Opening with the title track, a typically Nipponese plink plonk rhythm underpinned by Mick Karn’s trademark rubber band basslines, Rice Music is an album that could’ve only been made in the early 80s. It sets the tone for ten tracks of ‘globalearic’ grooves that throw everything at the wall to see what sticks.
Se! Se! Se! is a funky Talking Heads style global groove with itchy n’ scratchy guitars and Tom Tom Club-esque shouty stream-of-consciousness vocals. Haina-Haila is a tribal drum fest with Karn’s drunken master bassline and what sounds like Japanese schoolgirls (infact backing vocalists Eve, Nachiko and Yoko) chanting mantras over a Buddhist monk’s sermon. It is perhaps the greatest tribal drum, squelchy bass, Buddhist chant tune ever recorded. Tao-Tao ups the tempo with a flinty funk-pop workout. Side one’s closing track, Neo-Rice Music borrows the main riff from Tao-Tao and slows it down to a drowsy, dream-like drool.
On side 2, Kafka opens with a weird discordant cello sound effect over a dislocated voice that builds gradually with an synth-accordian/bubbly bassline (the midpoint between Kraftwerk’s The Model and Nirvana’s Come As You Are) jam. Rice Dog Jam barks it’s intentions in another take on Mutant Disco’s frantic arty post-funk with syncopated woofs, megaphone vocals and Toshio Nakanishi’s ‘preaching.’ Secret Party is a murky, underwater orgy of mysterious oozy sounds and textures for which the term ‘Balearic As Fuck’ could have been invented, whereas Silent Object is a beautiful ambient instrumental that evokes the calm meditative pools of a Japanese garden. The LP closes with Night In The Park, a Bowie-esque vocal over a traditional pop structure reminiscent of post-Eno Roxy.

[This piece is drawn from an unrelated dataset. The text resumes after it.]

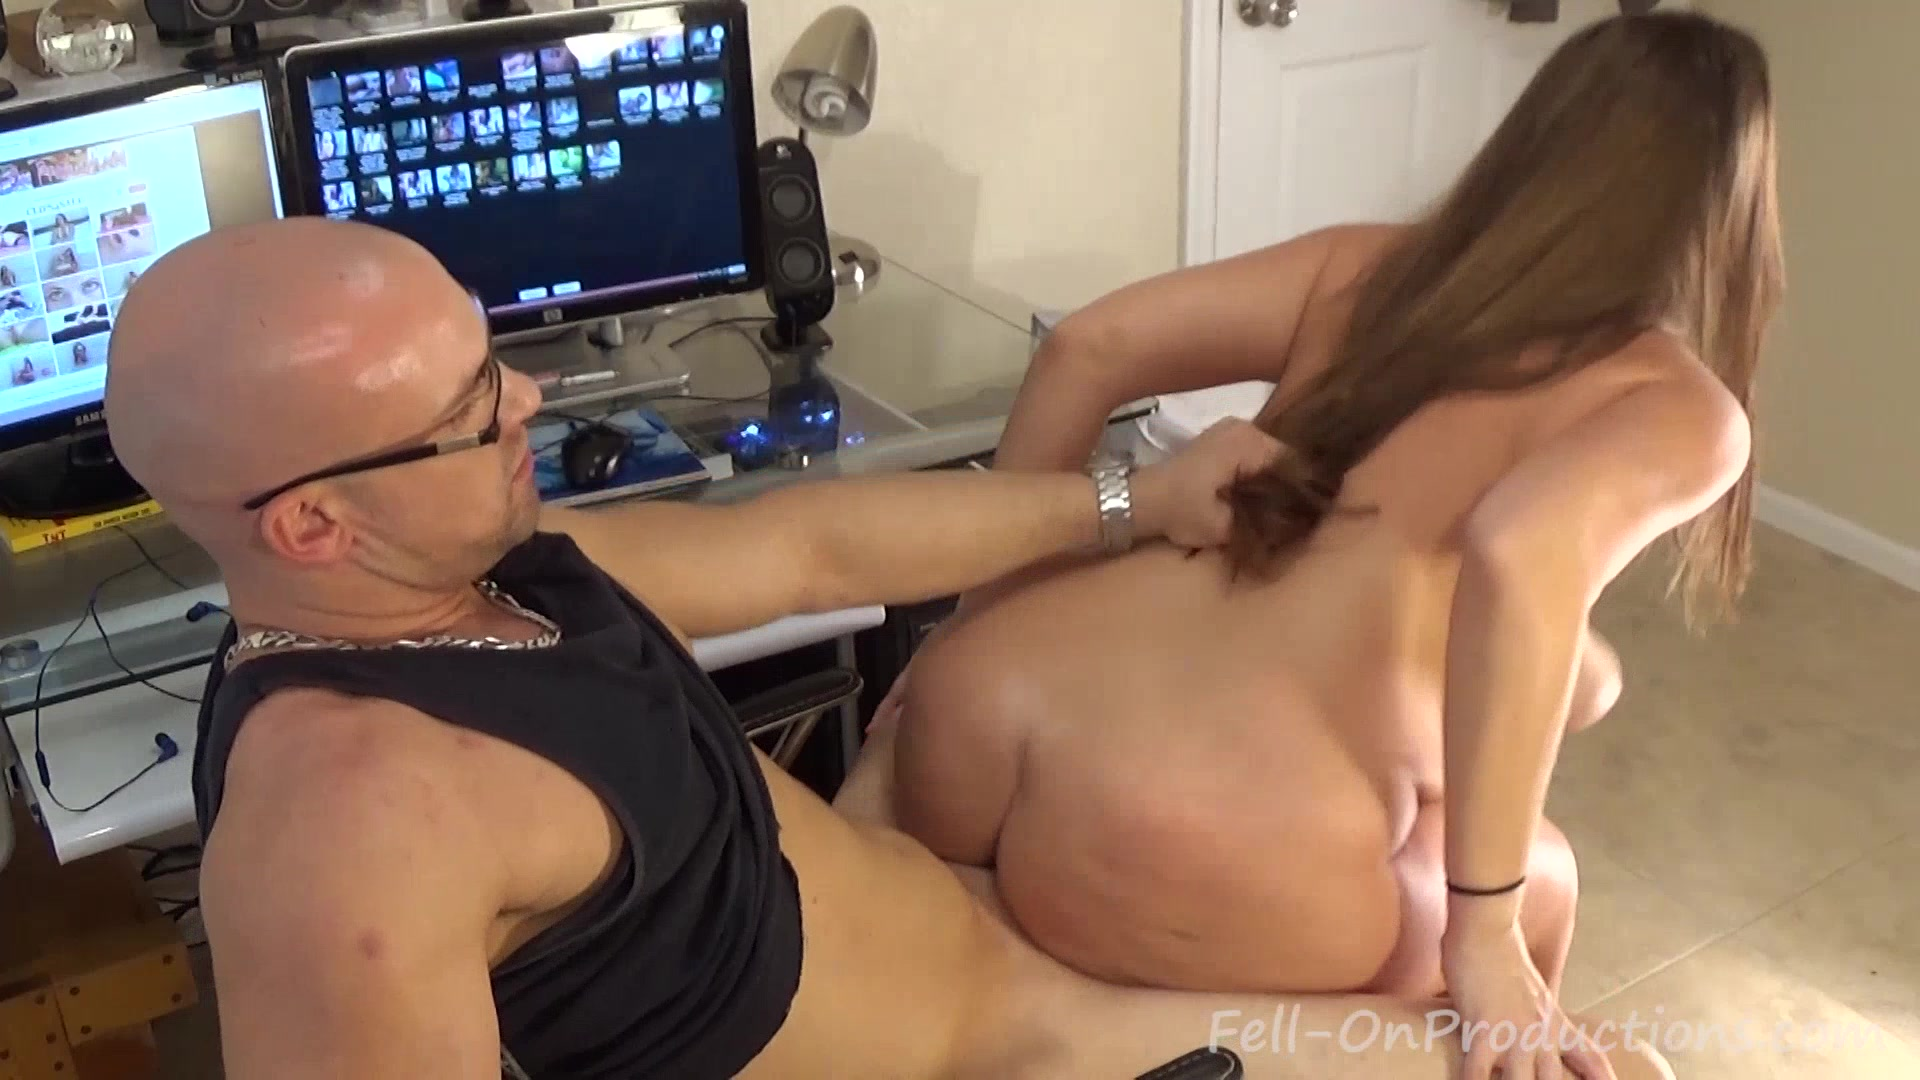 Застукала брата порно видео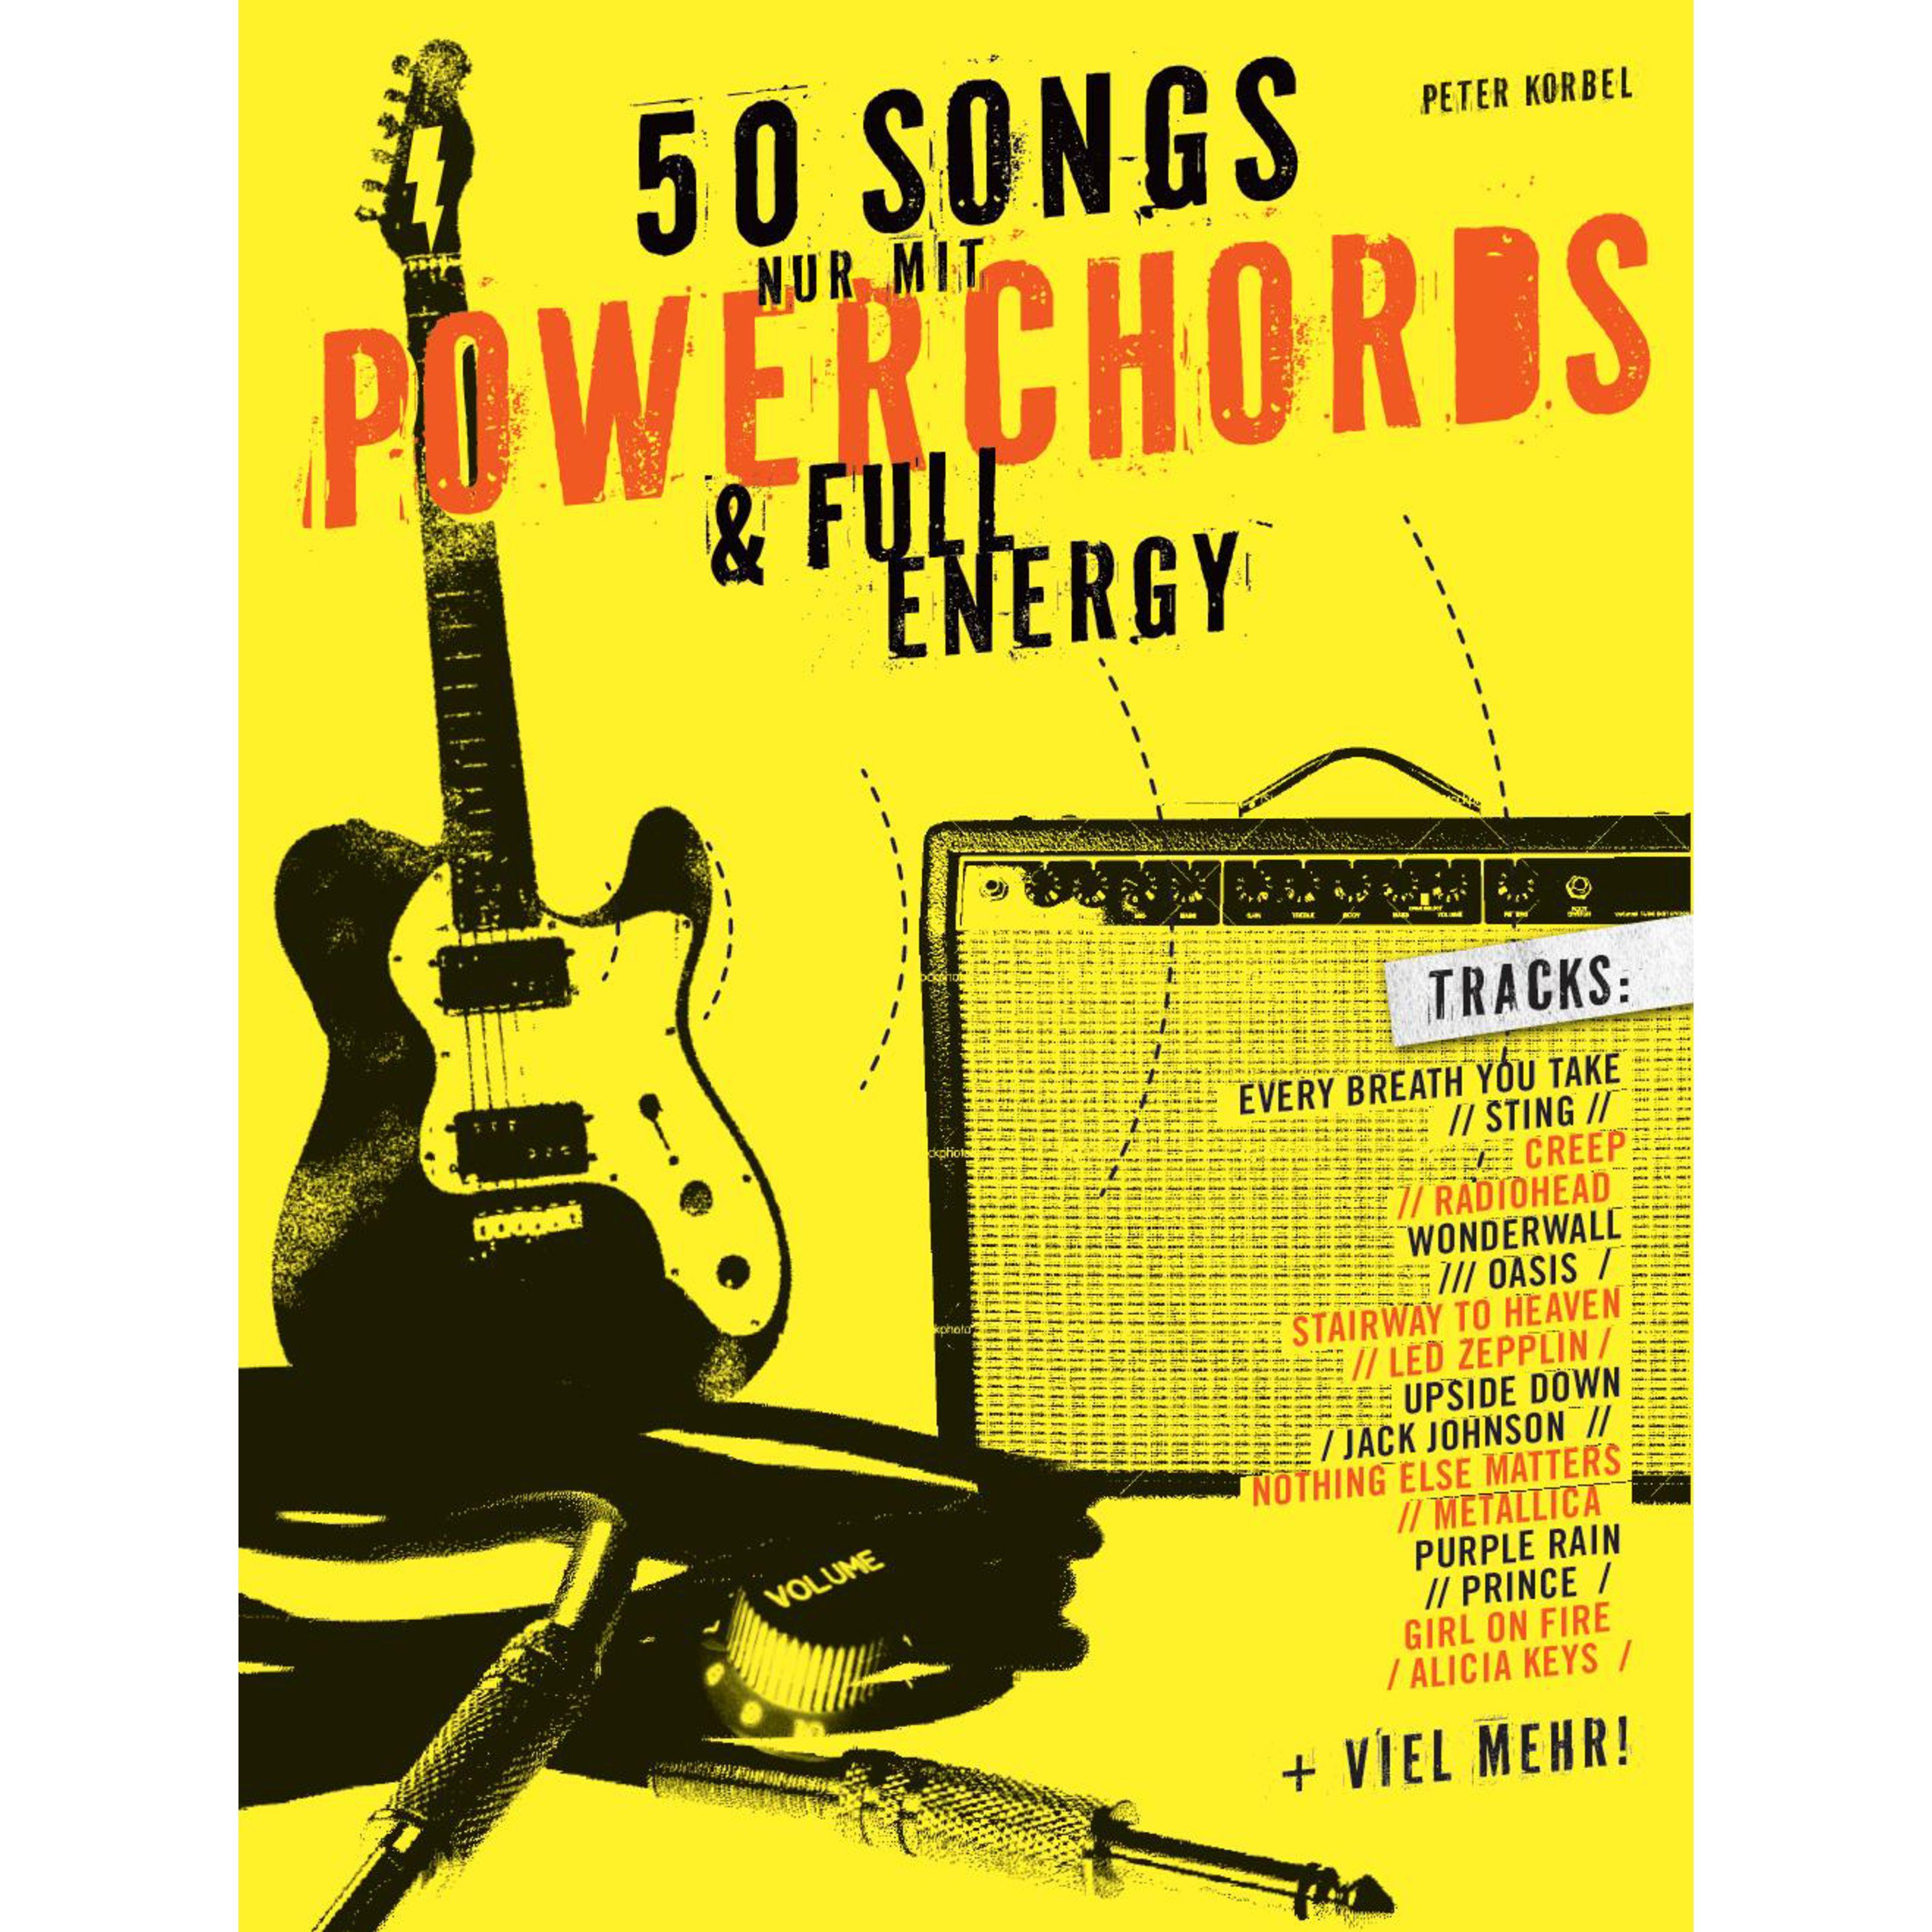 Bosworth Music - 50 Songs nur mit Powerchords & Full Energy BOE7708

With the ubiquitous assistance of Riuichi Sakamoto, Bill Nelson, Japan’s Mick Karn and Steve Jansen and with Tsuchiya not only providing vocals but playing everything from guitar, drums, synth and bass to bamboo percussion, koto and yokin, (Kiyohiko Semba also provides wadaiko, tsuzumi and tabla percussion) cynics could maybe criticise Rice Music as an exercise in plastic Orientalism for worthier-than-thou world music wannabes. Yet, at a time when the likes of Sakamoto, Bowie, Japan, Eno, Byrne and Nelson were blurring the boundaries between ethnic and experimental, traditional and transcendental, Rice Music is an LP that constantly throws up surprises and only underlines the energy and imagination of post-punk pop during this era.
The cover shows the artist sat at a desk in a fetching mauve trolly dolly meets International Rescue outfit. His heavily made-up, prettily androgynous face stares enigmatically into the distance, one hand balanced on his chin, the other plucking a guitar. To his left is a huge globe, angled to show Japan, China and the far east. The message is simple; the world is shrinking and old codes of sexuality and culture no longer matter. ‘New York-London-Paris-Munich-(Tokyo), everyone‘s talking about Pop Music! In 1982, anything appeared possible.